DESCRIPTION OF THE TASK:
Would you return the data exactly as given, except for its pictures?

GIVEN MATERIAL:
----

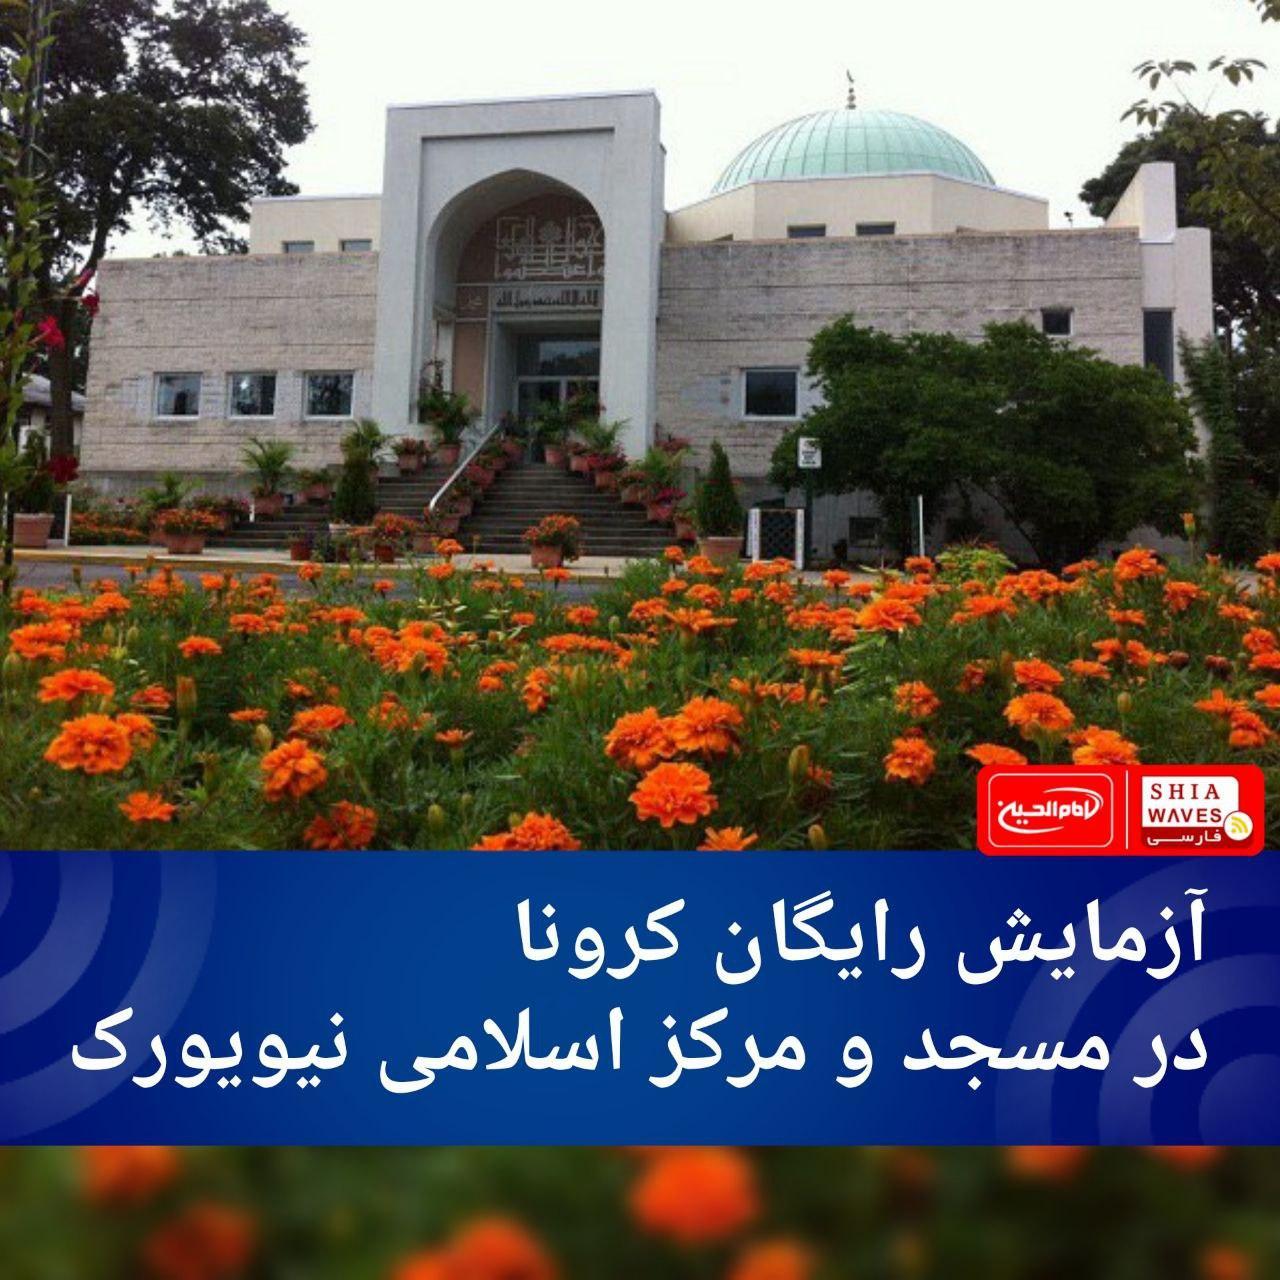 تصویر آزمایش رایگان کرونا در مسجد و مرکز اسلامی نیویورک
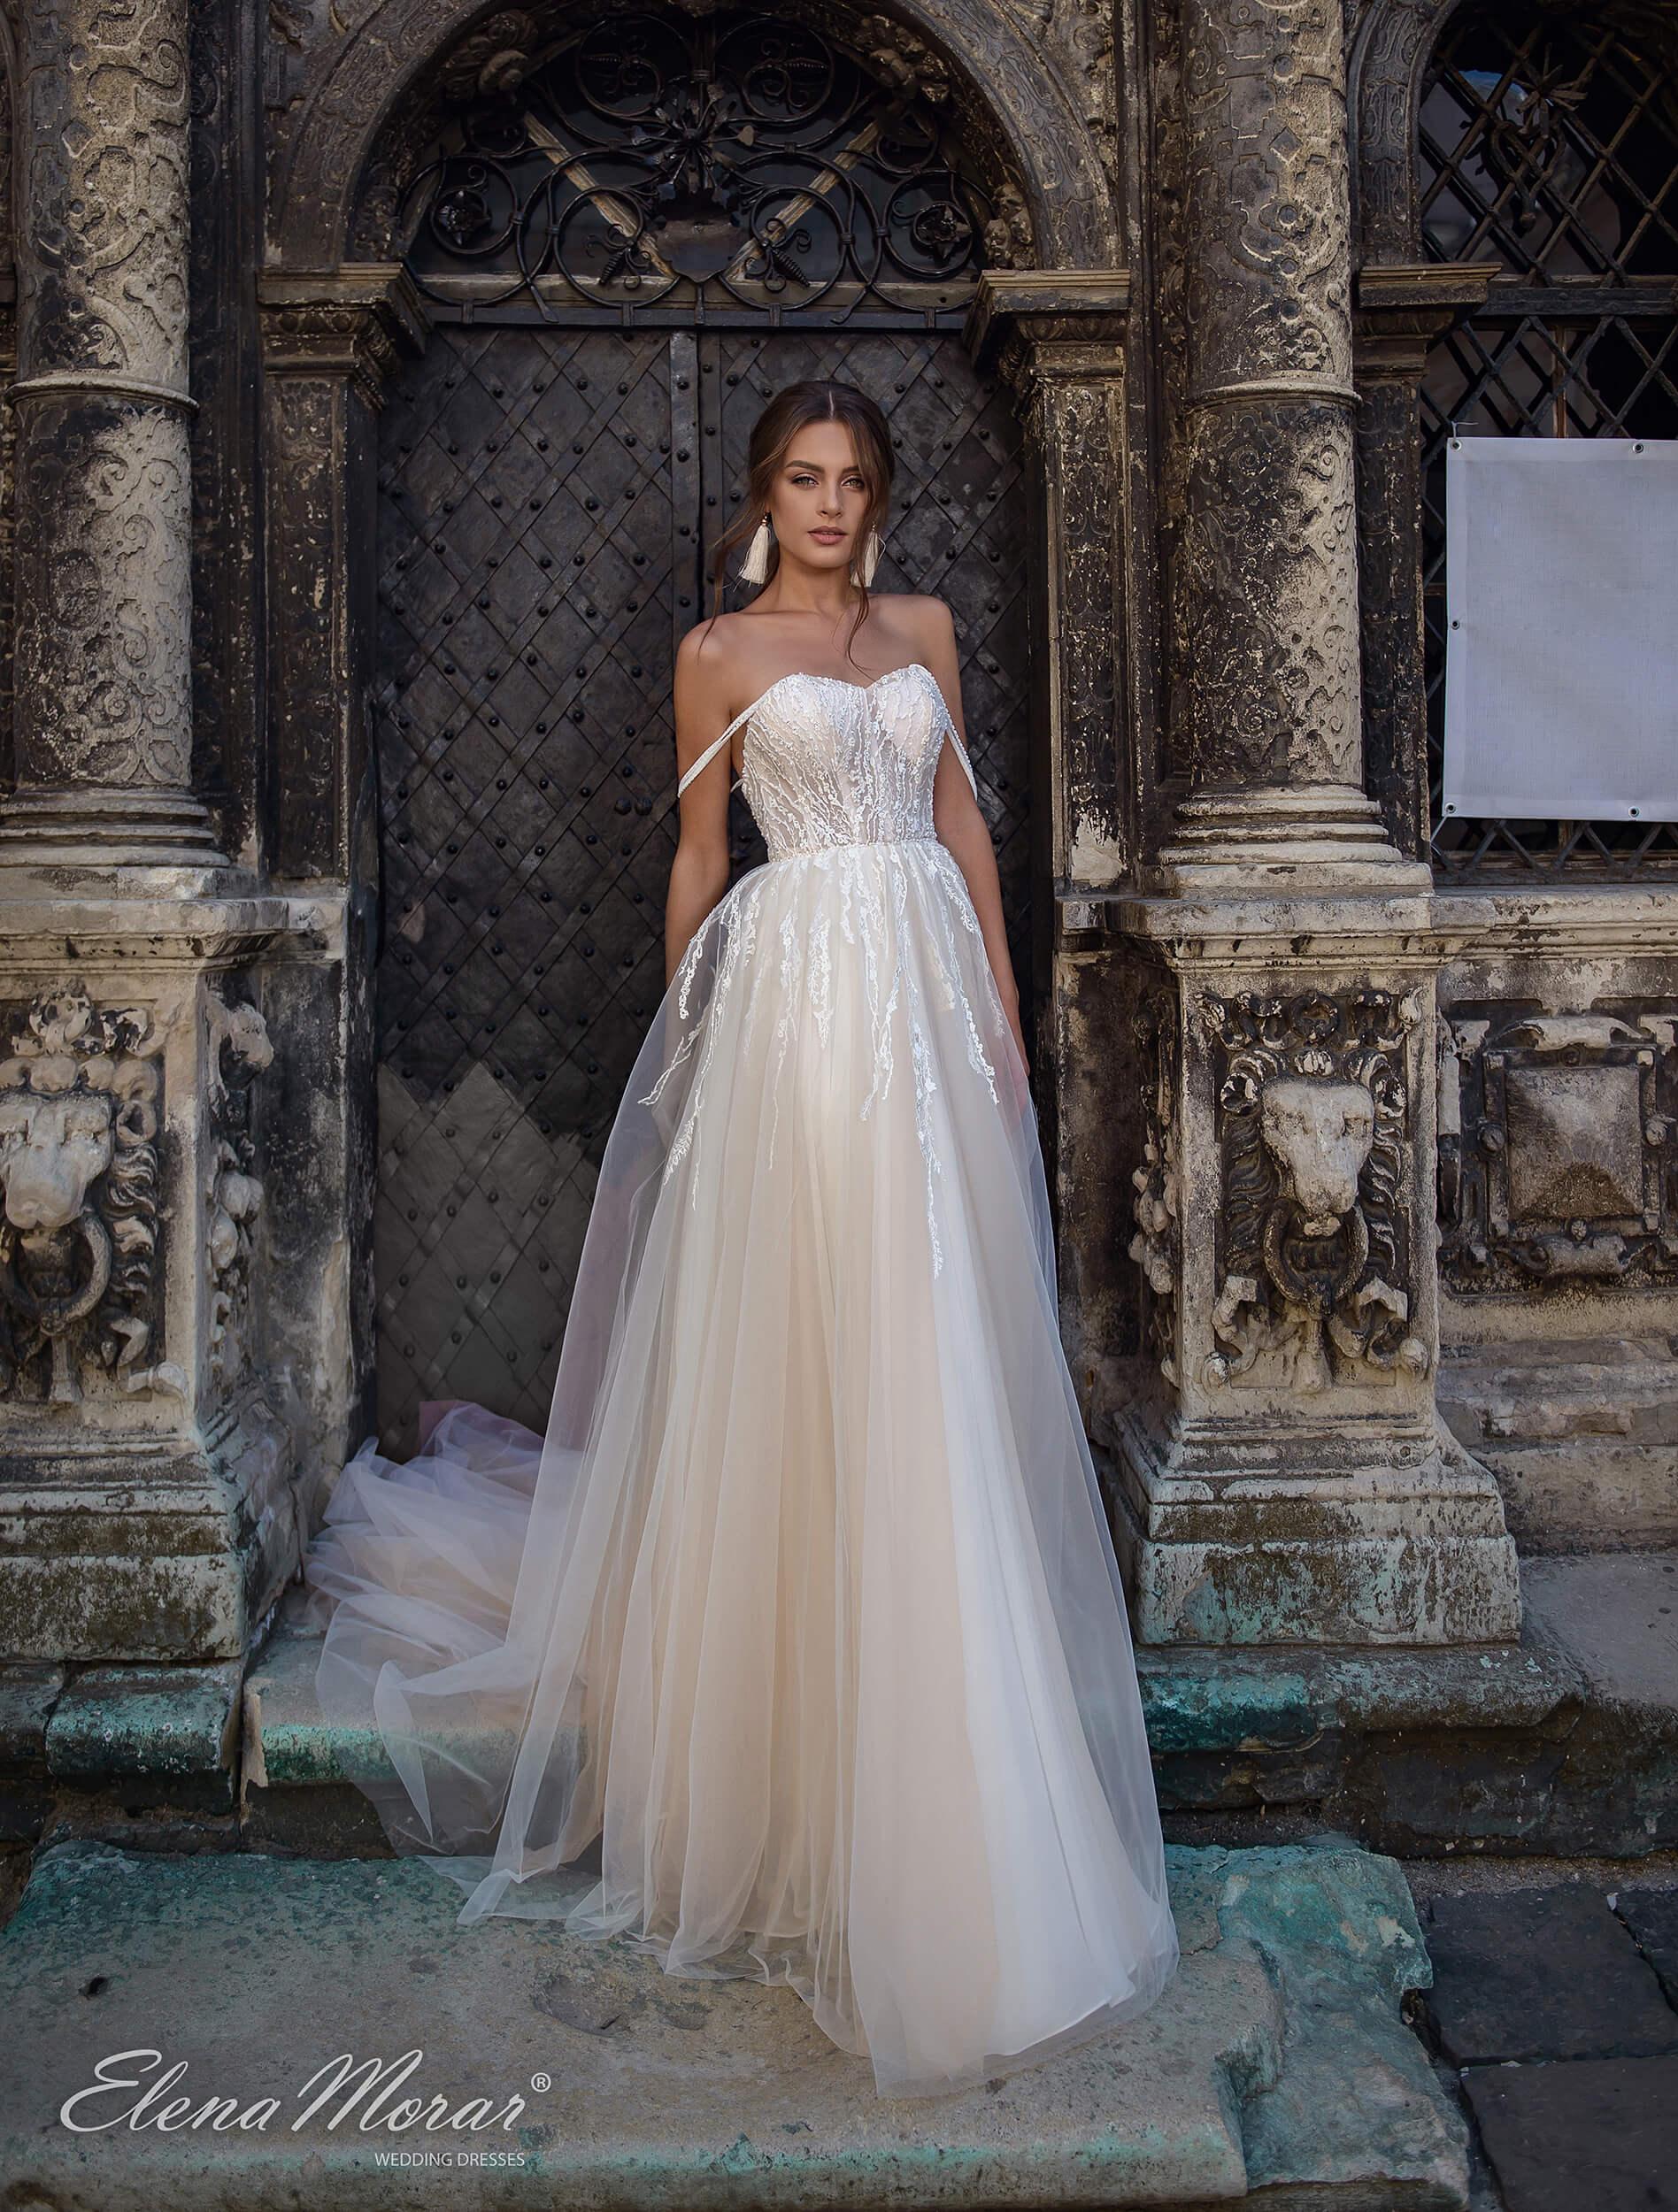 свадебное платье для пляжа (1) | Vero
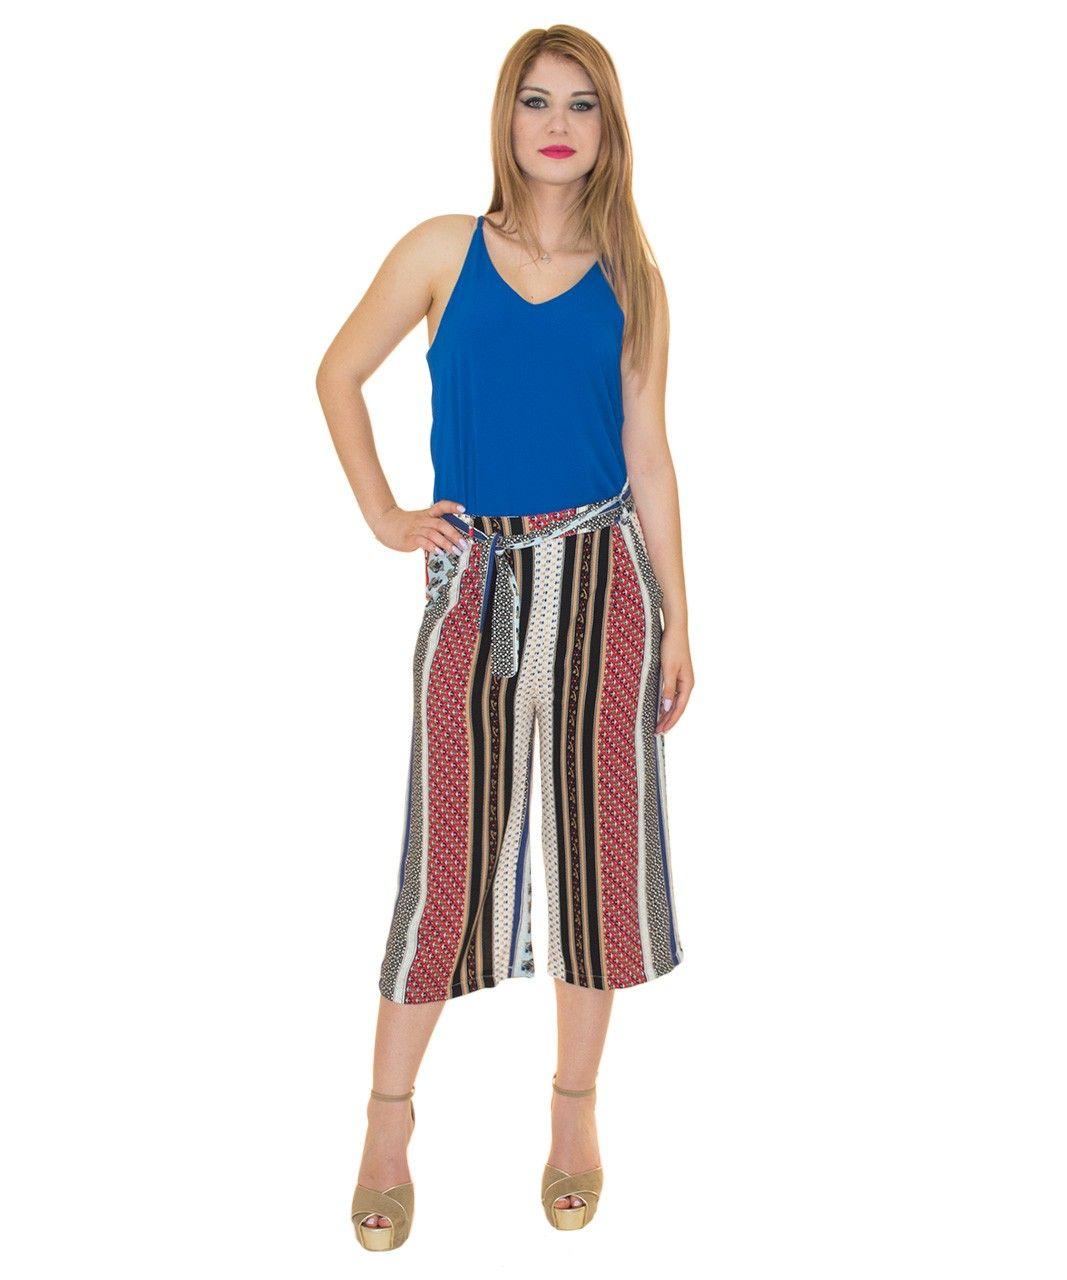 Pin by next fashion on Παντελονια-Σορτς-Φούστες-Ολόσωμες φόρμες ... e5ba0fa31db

----

EXPECTED ANSWER:
 تصویر آزمایش رایگان کرونا در مسجد و مرکز اسلامی نیویورک
 свадебное платье для пляжа (1) | Vero
 Pin by next fashion on Παντελονια-Σορτς-Φούστες-Ολόσωμες φόρμες ... e5ba0fa31db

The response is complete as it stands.